DATA EXTRACTS >>
• • • • •

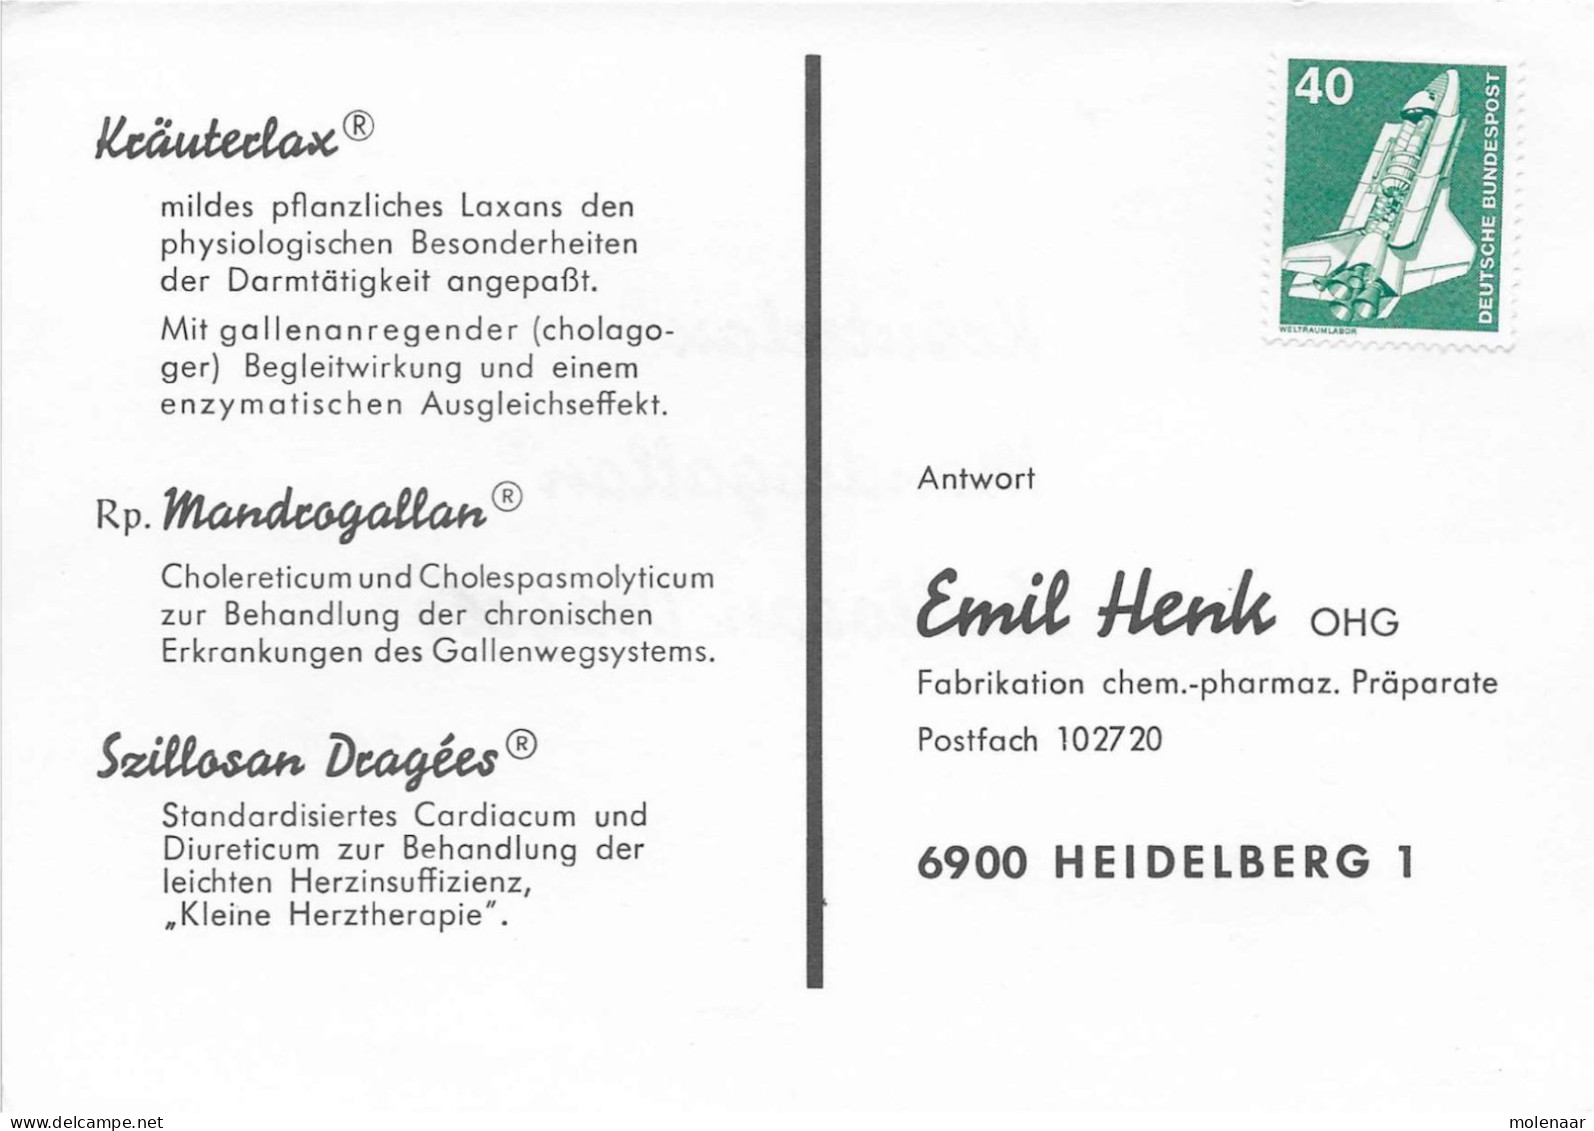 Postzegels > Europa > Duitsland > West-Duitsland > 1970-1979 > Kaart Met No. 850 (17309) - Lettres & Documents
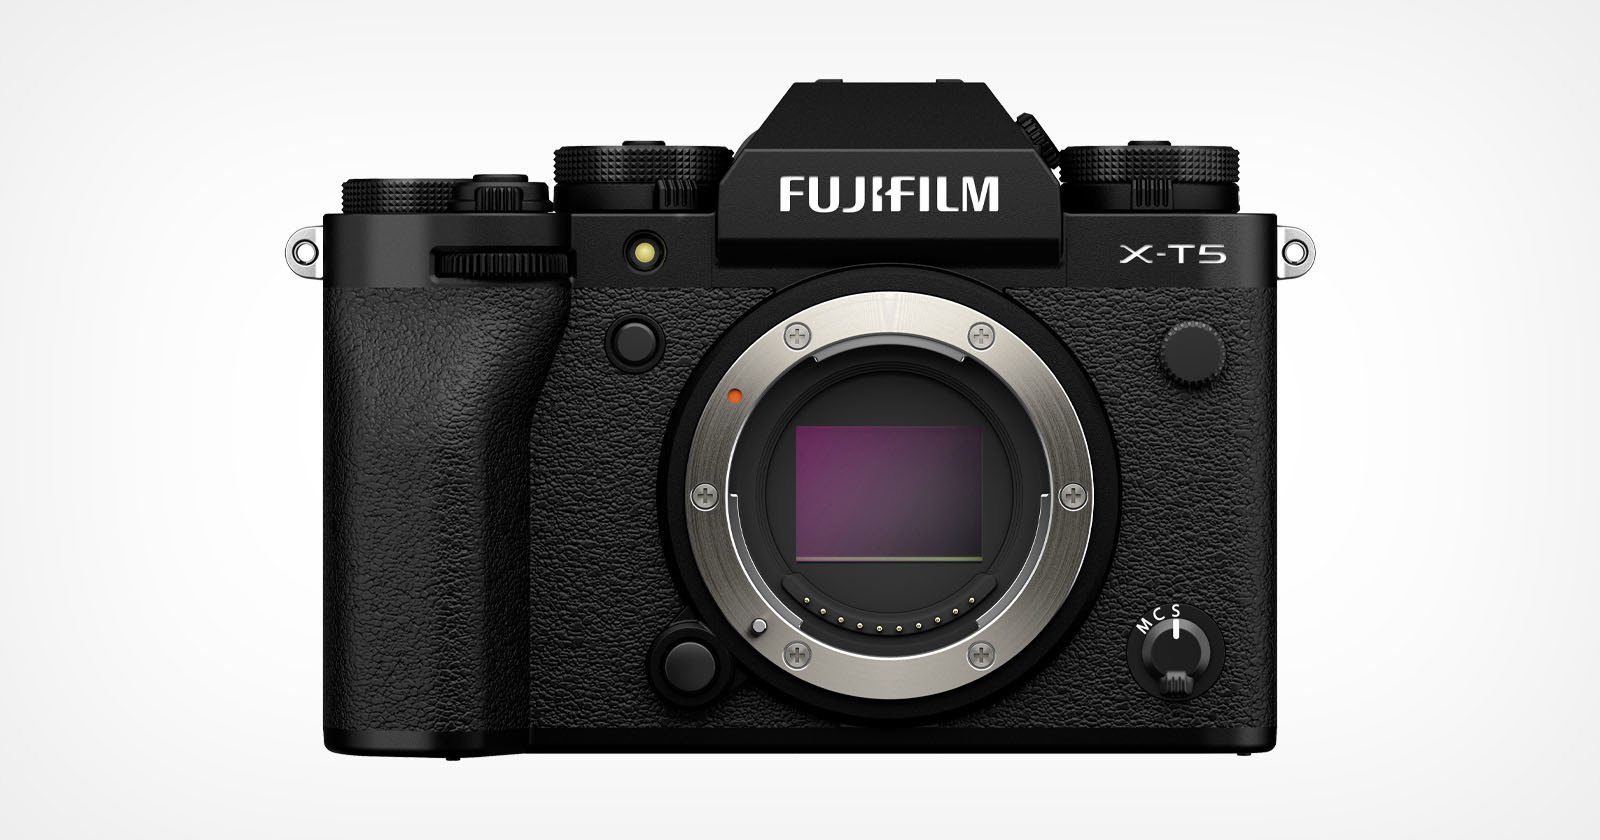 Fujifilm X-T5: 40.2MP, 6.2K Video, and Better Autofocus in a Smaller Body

• • • • •

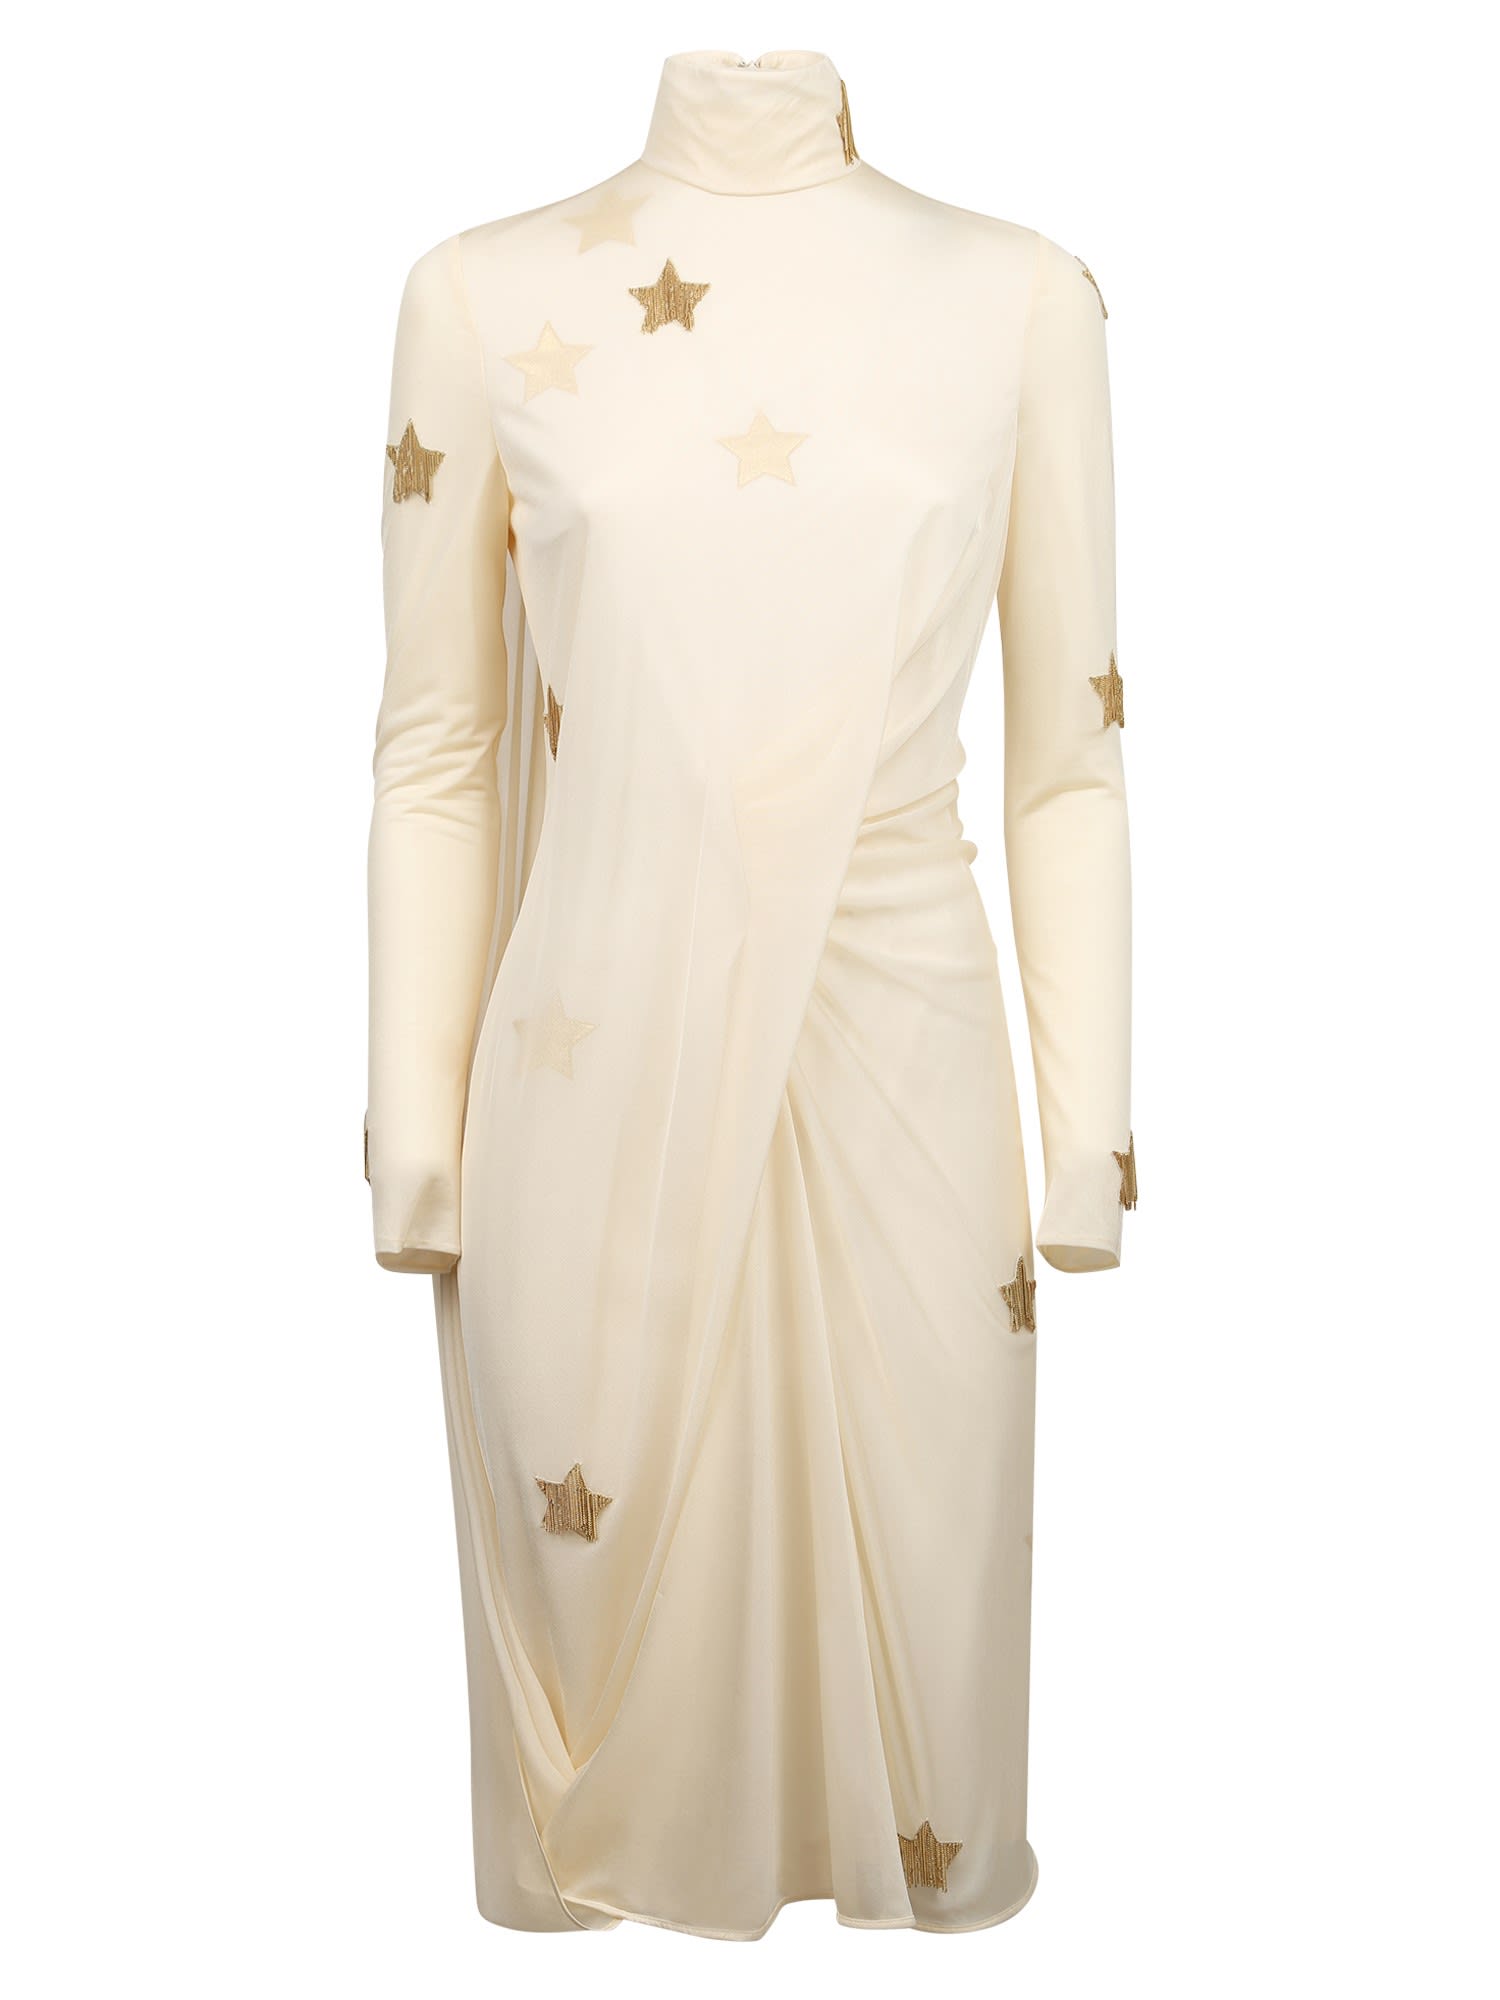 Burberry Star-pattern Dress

• • • • •

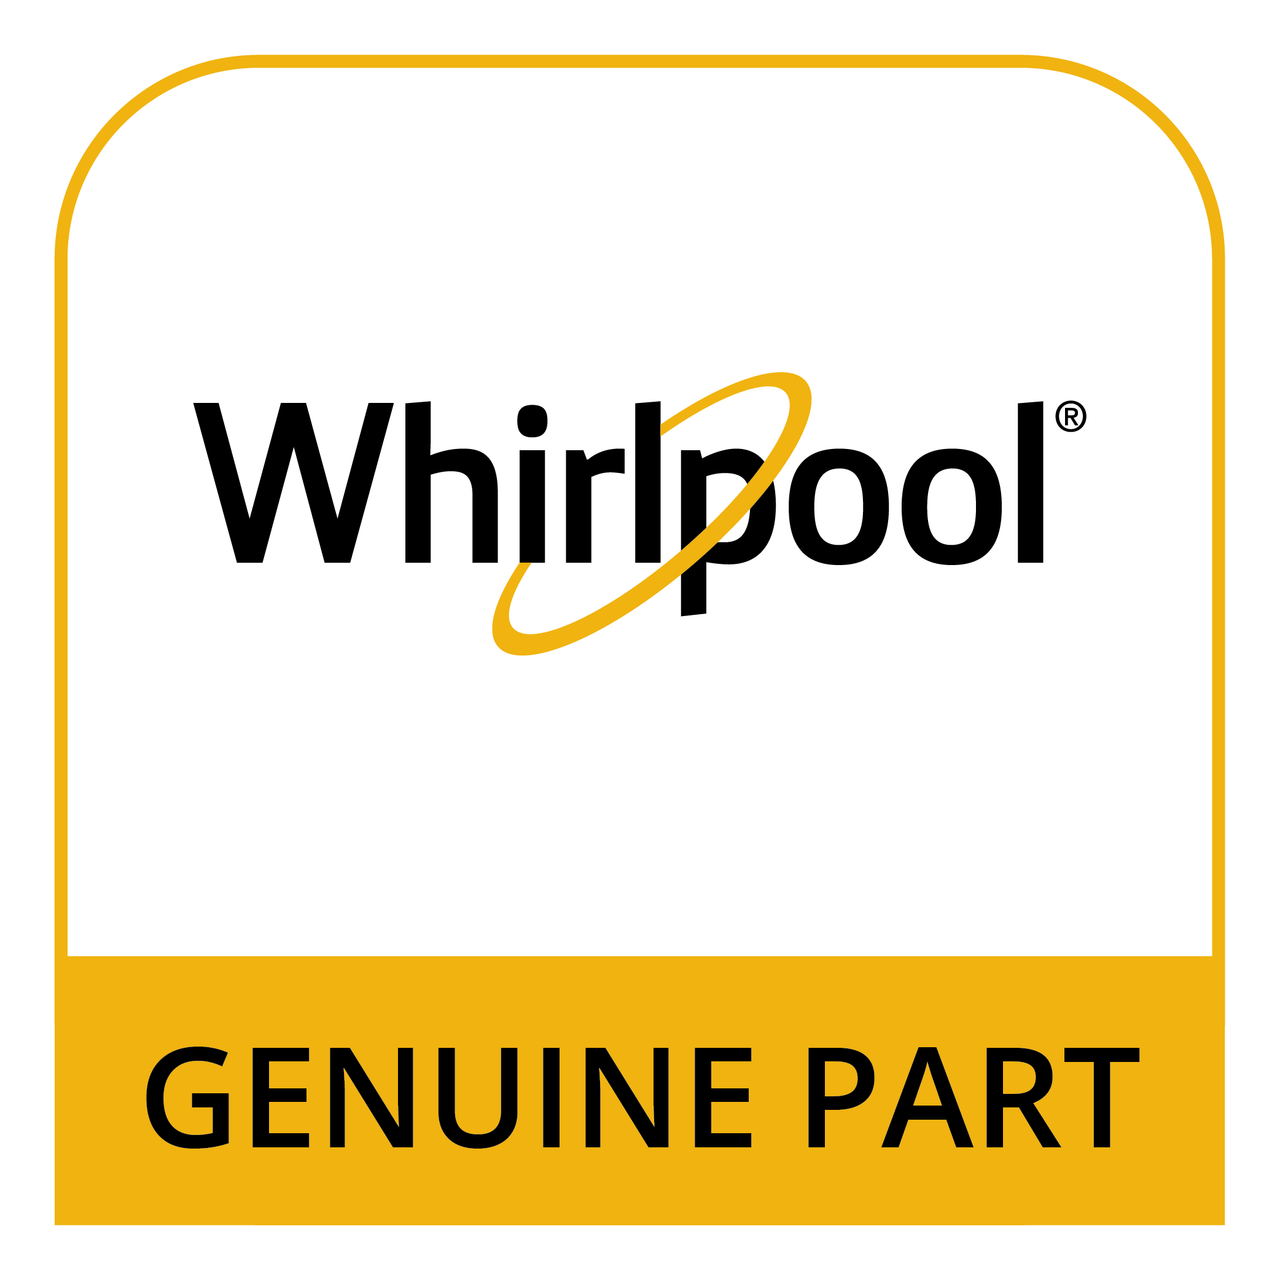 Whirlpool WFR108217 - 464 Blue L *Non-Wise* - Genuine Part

• • • • •

WORK TO BE COMPLETED >> In the listing above, find the line with "Postzegels > Europa" and the line with "Fujifilm X-T5: 40.2MP, 6.2K". Set down both and every line between them, minus the pictures.

ANSWER FOR THE TASK >>
 Postzegels > Europa > Duitsland > West-Duitsland > 1970-1979 > Kaart Met No. 850 (17309) - Lettres & Documents
 Fujifilm X-T5: 40.2MP, 6.2K Video, and Better Autofocus in a Smaller Body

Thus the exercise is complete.